Recorded information:
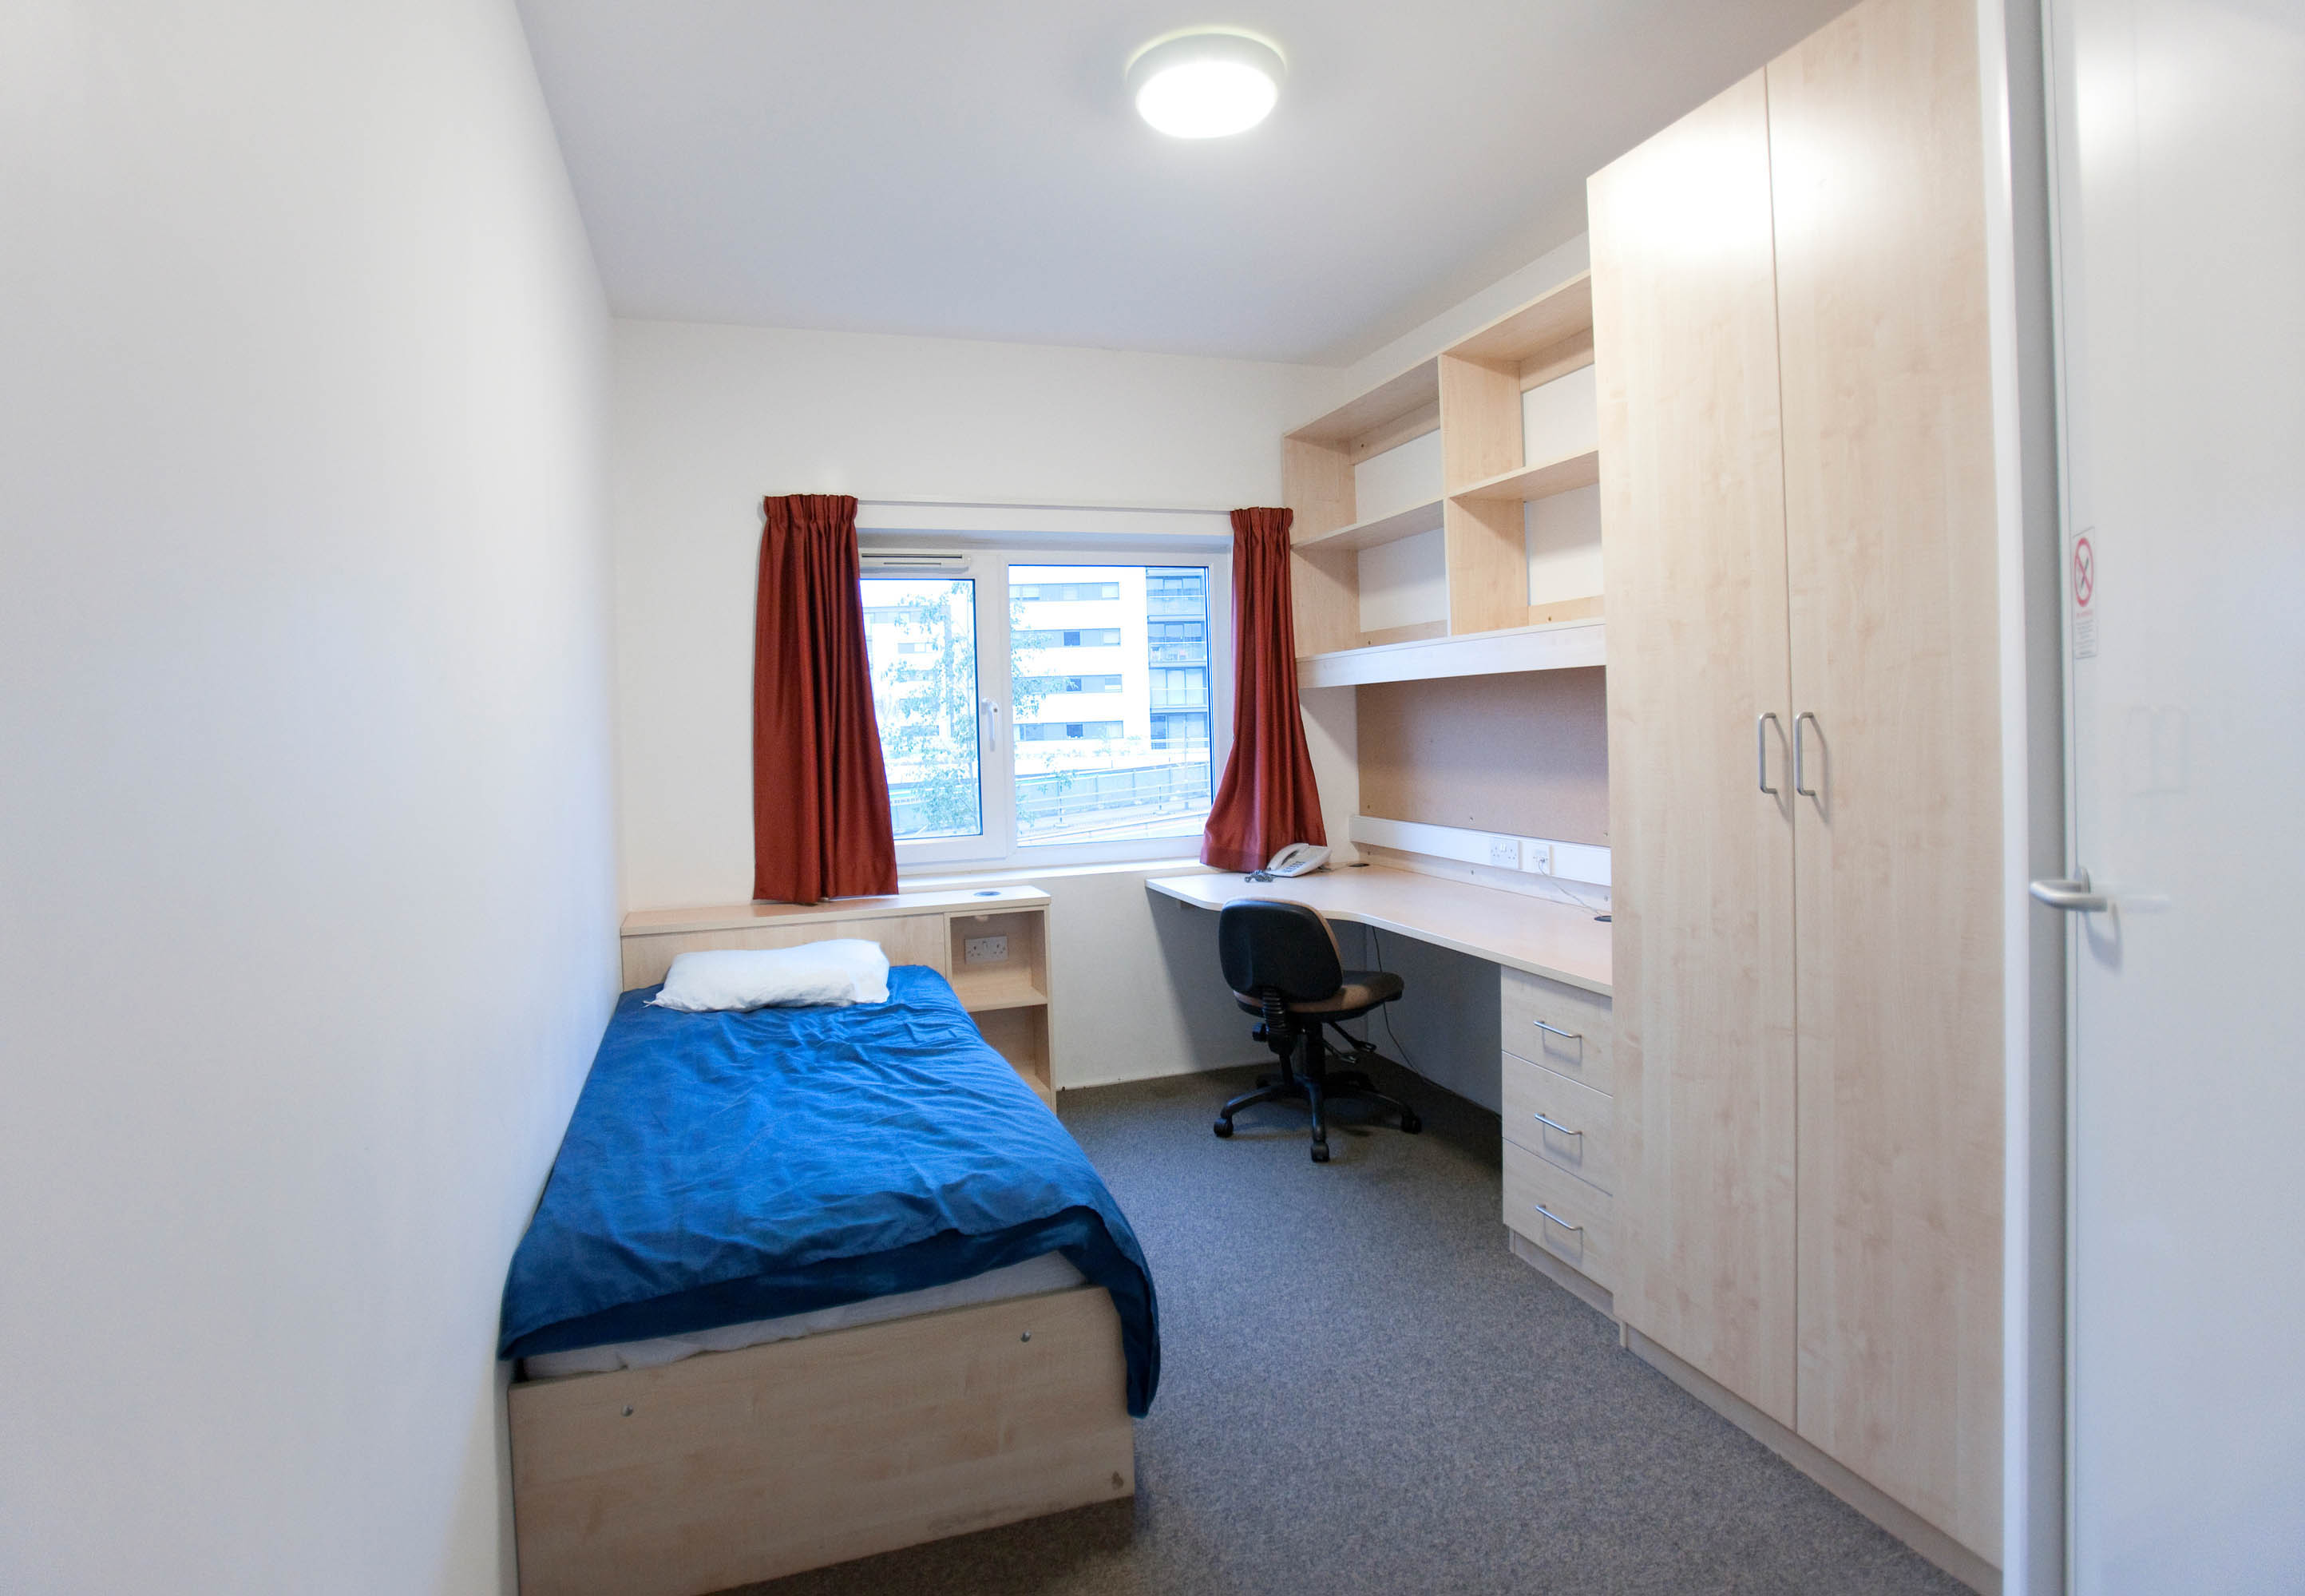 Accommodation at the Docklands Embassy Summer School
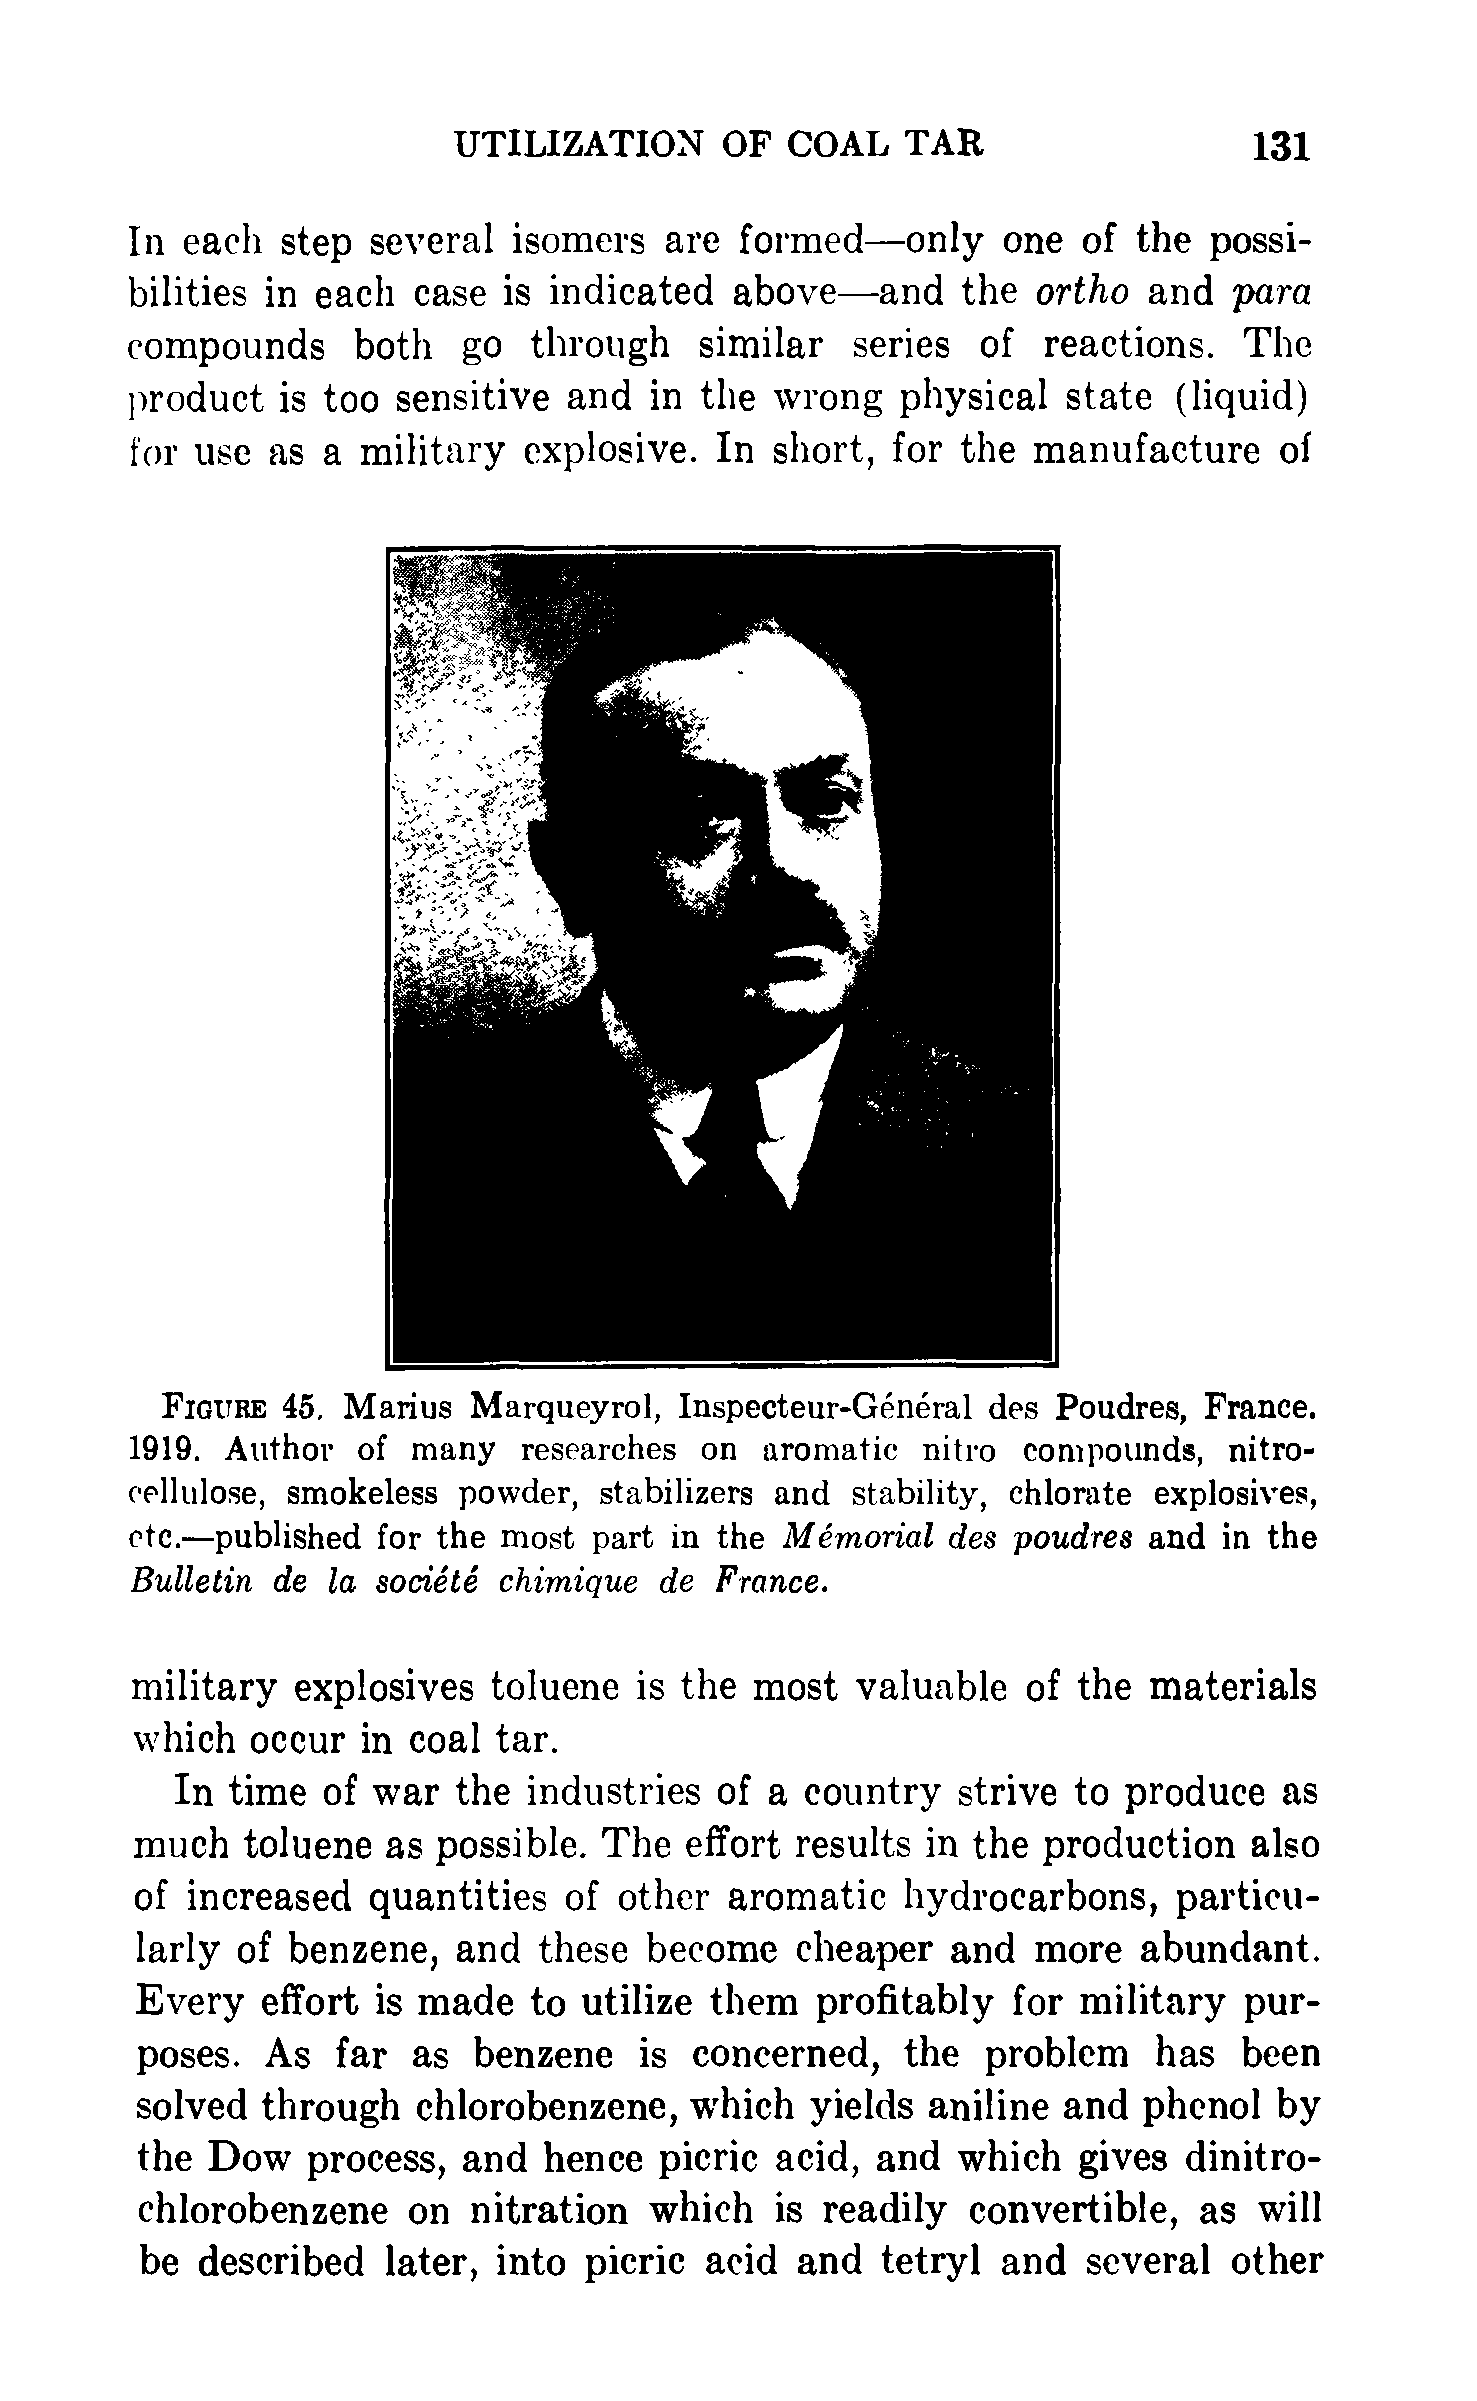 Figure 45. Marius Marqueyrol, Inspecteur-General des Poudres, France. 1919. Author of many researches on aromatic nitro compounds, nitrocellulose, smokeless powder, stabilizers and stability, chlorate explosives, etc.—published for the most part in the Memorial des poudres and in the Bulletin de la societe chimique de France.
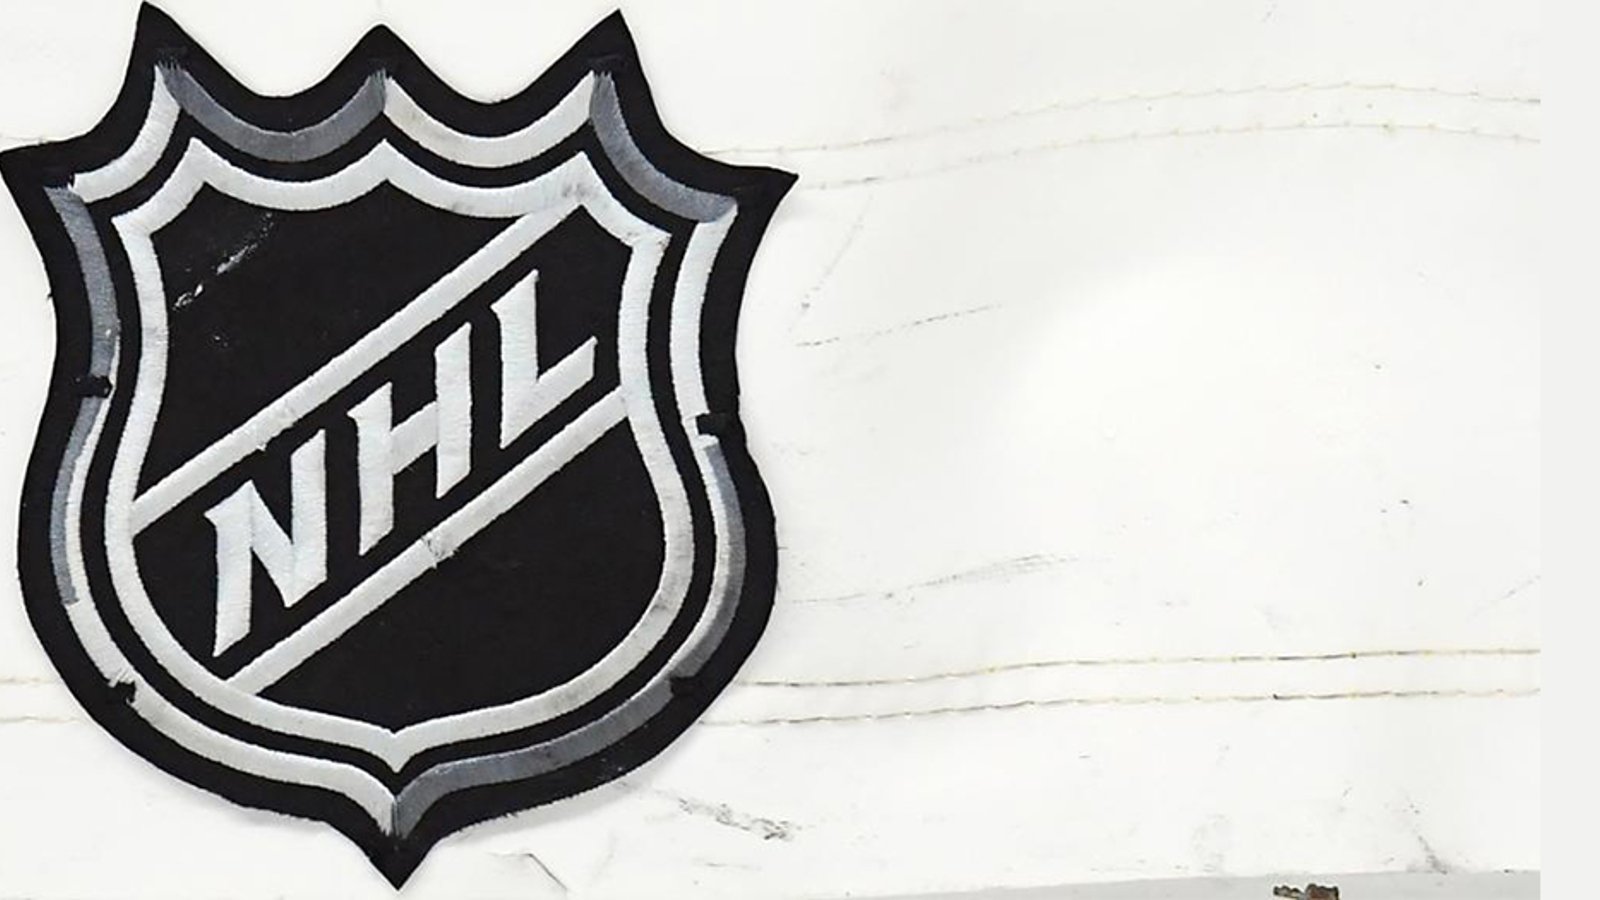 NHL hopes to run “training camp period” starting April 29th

Problem to work on: From the first line to the last, write out the data exactly, dropping any pictures.

Written reply:
 Accommodation at the Docklands Embassy Summer School
 Figure 45. Marius Marqueyrol, Inspecteur-General des Poudres, France. 1919. Author of many researches on aromatic nitro compounds, nitrocellulose, smokeless powder, stabilizers and stability, chlorate explosives, etc.—published for the most part in the Memorial des poudres and in the Bulletin de la societe chimique de France.
 NHL hopes to run “training camp period” starting April 29th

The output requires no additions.